Networking is tough–especially now.

If you’ve been looking for a new job during the pandemic, you know how hard it’s been. Putting yourself out there for networking, mining for opportunities and interviewing are never easy. But during these times, you deserve even more credit for the hard work you’re doing.

How do you keep your spirits up and stay positive? How do you maintain optimism and ensure you keep trudging forward? How do you maintain resilience when things feel so uncertain?

The answer lies in both your perspective and your practices. Here are a few suggestions to keep in mind.

First, mindset makes a big difference.

Be real. Some pop-psychological advice recommends you keep a positive attitude at all costs. But taking this Pollyanna approach—where you deny your negative feelings—can backfire. Instead, give yourself permission to struggle and acknowledge how difficult things are. In a scientific study, volunteers who were trying to make lifestyle changes, and who were provided with validation for their tough journeys, made positive change more effectively than those fed only cheerleading, you-can-do-it type messages. If you’re not struggling during tough times, you may be deluding yourself. Give yourself permission to be less than chirpy or constantly content.

Pull yourself up. After you’ve validated your how hard things are, pull yourself up and keep going. It’s a balance—you want to give yourself the opportunity to feel real emotions, but not to wallow. Use moments of negativity as an outlet and then set your direction and your determination to keep going. As Robert Frost said, “The best way out is always through.” Remind yourself about your skills and talents. Recall all the success you’ve had so far and keep going.

Focus on the future. Remind yourself this will pass, and you’ll get through it. Prompt yourself with the learning you’re doing about grit and determination. Stay optimistic and hopeful and base your action plan on the present—where it will make the most difference. This too is a balance—looking ahead to a hopeful future, while also ensuring you’re anchored in what will make the greatest impact today.

In addition to your perspective, you’ll also want to consider your networking practices—the efforts and approaches which will have the greatest effect for getting you through to the other side.

Consider effort and impact. One of the keys to networking is making connections with the right people. Rather than making a list of the bazillion people with whom you could network, plan to connect with those who can be most helpful. Everyone you meet has value, but some will be able to help you more than others. Seek out and spend time with the people who can contribute most based on their roles, their proclivity to assist or the strength of your relationship. If you don’t know someone yourself and you’ve been connected based on a mutual contact, that matters too. Usually the strength of the relationship between your contact and the new contact matters a lot—strong relationships between your contact and the new contact can translate into a willingness for the new contact to help you (a weaker tie, not so much).
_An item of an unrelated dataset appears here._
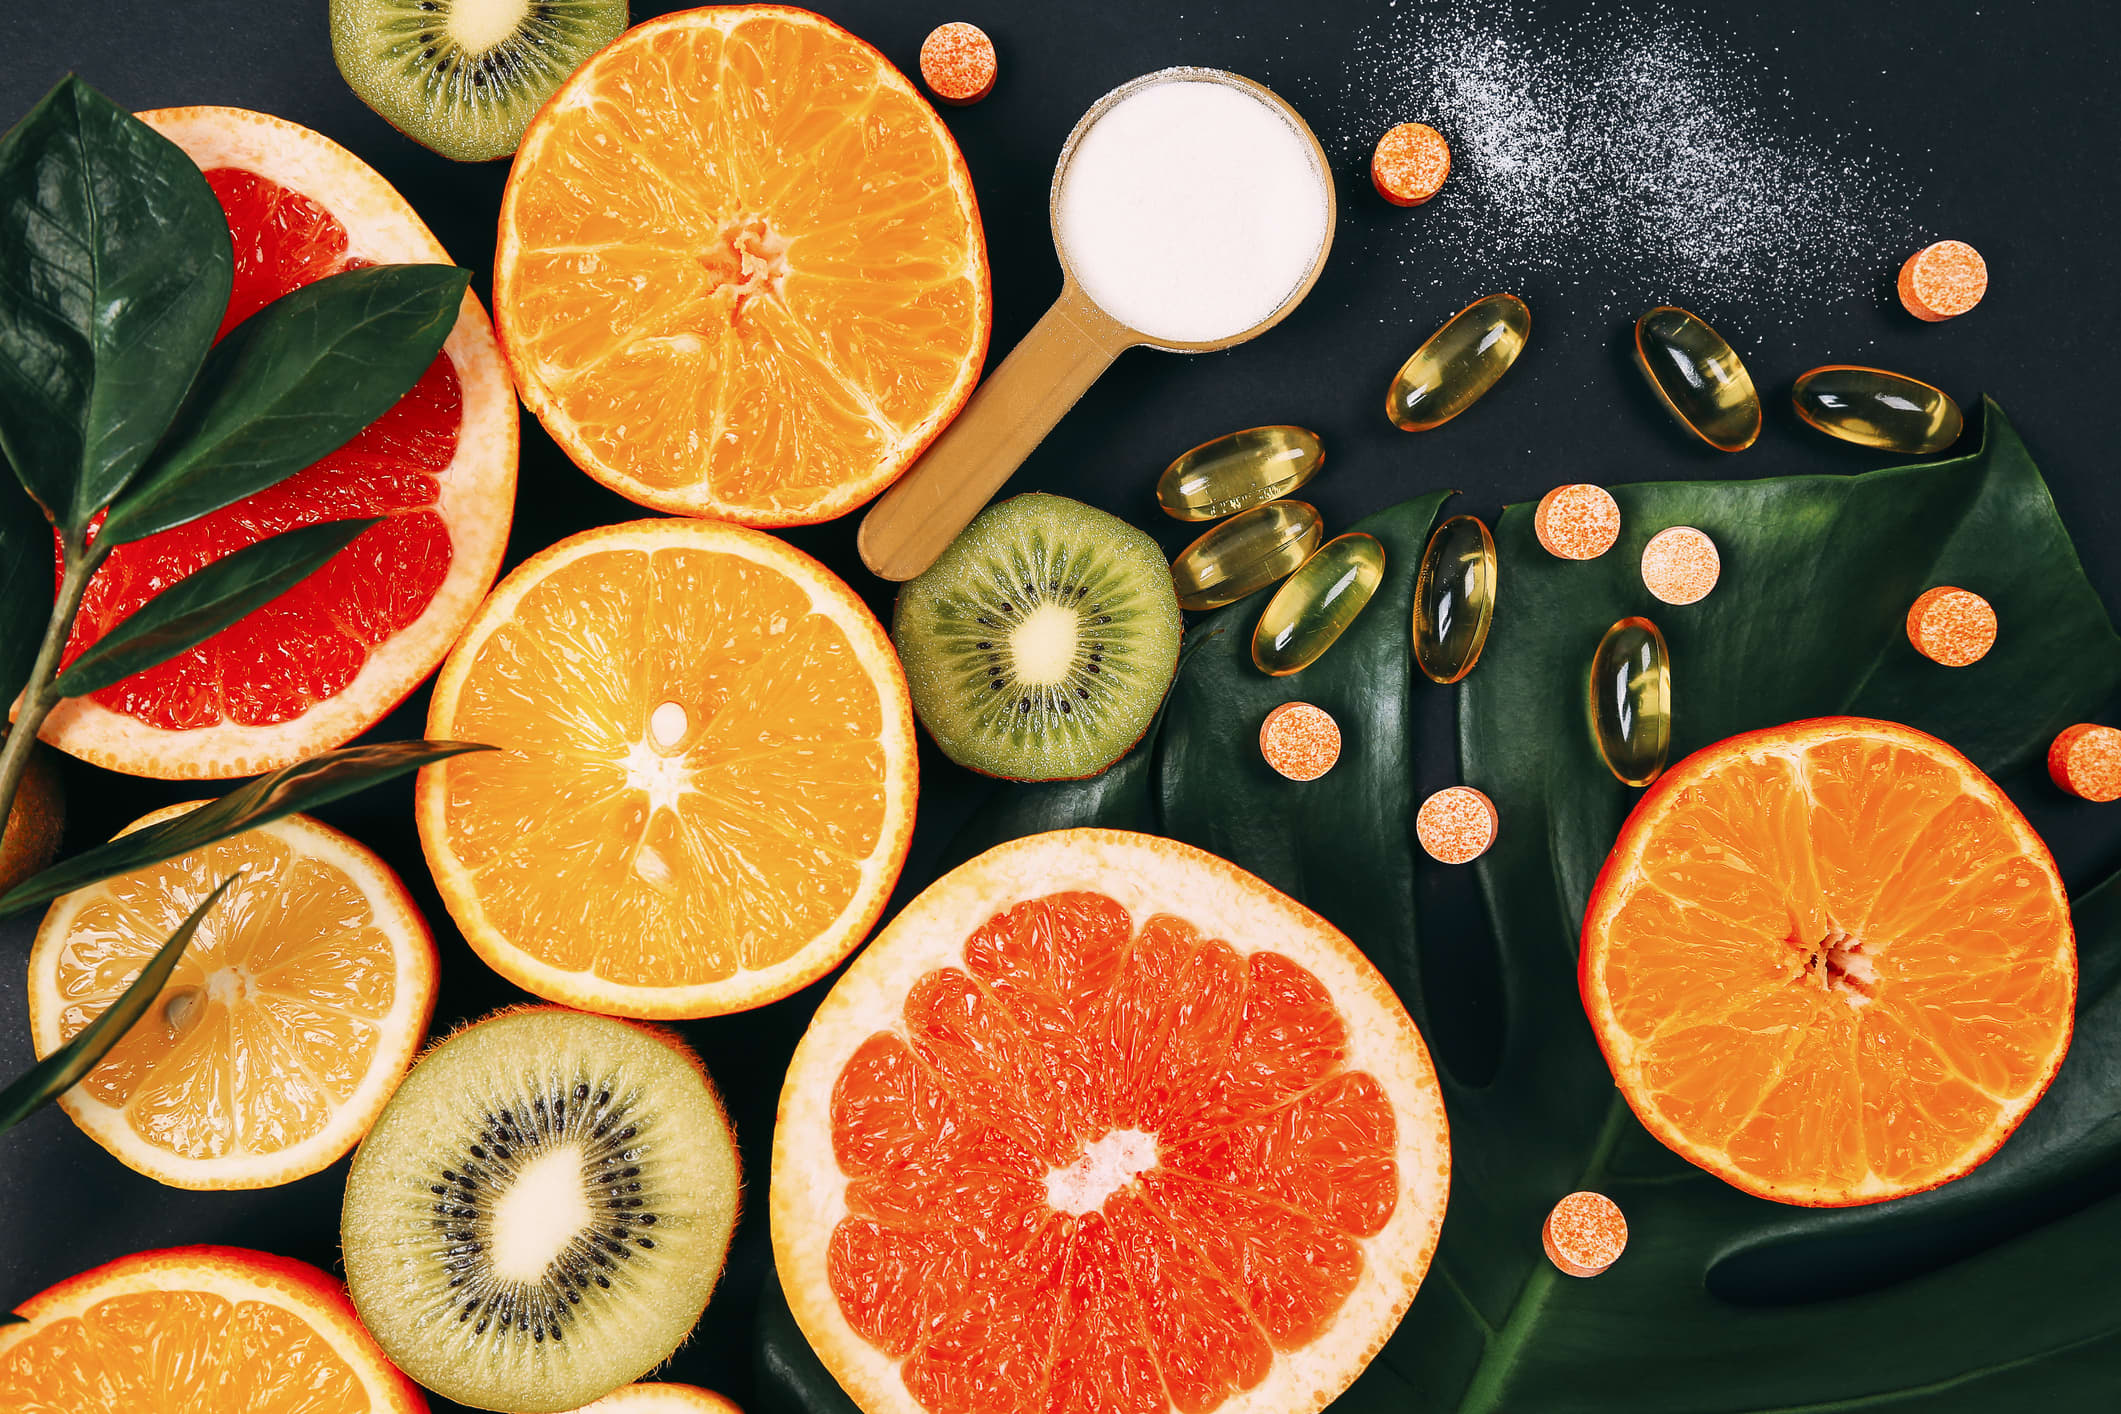 5 tried-and-true ways to boost your immune system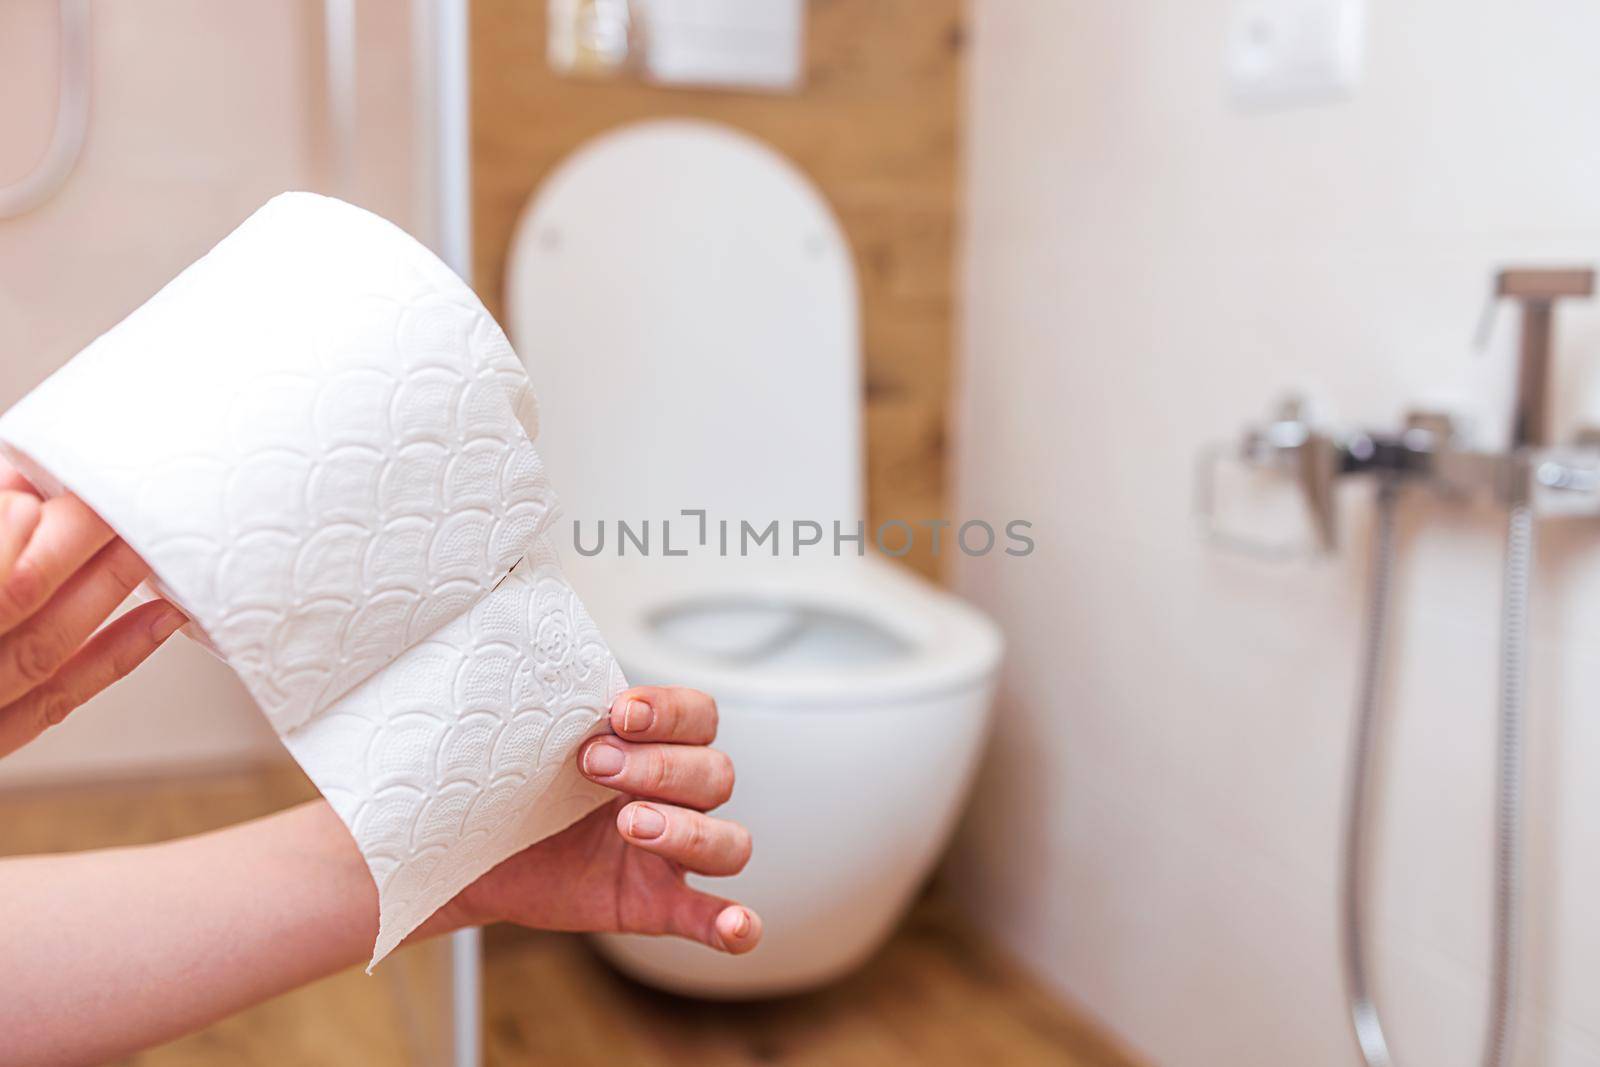 Bathroom background, closeup of woman's hand holding roll of white toilet paper, copy paste space. The concept of hygiene, cleanliness, human health and the importance of gentle personal care products

Every networking call you make is an investment of your time and—even more—your energy, so be selective about the people with whom you seek to network.

Manage your approach. Part of what makes networking so time-intensive and so exhausting, is that so much is out of your control. The people with whom you need to connect may not have time for you, or your colleague may not have gotten around to making the introduction you requested. Reenergize yourself by controlling what you can. Make lists of the people with whom you need to connect. Manage your time. Plan your conversations. Small, straightforward steps like these are effective, but they can also help you feel a greater sense of control in a difficult time.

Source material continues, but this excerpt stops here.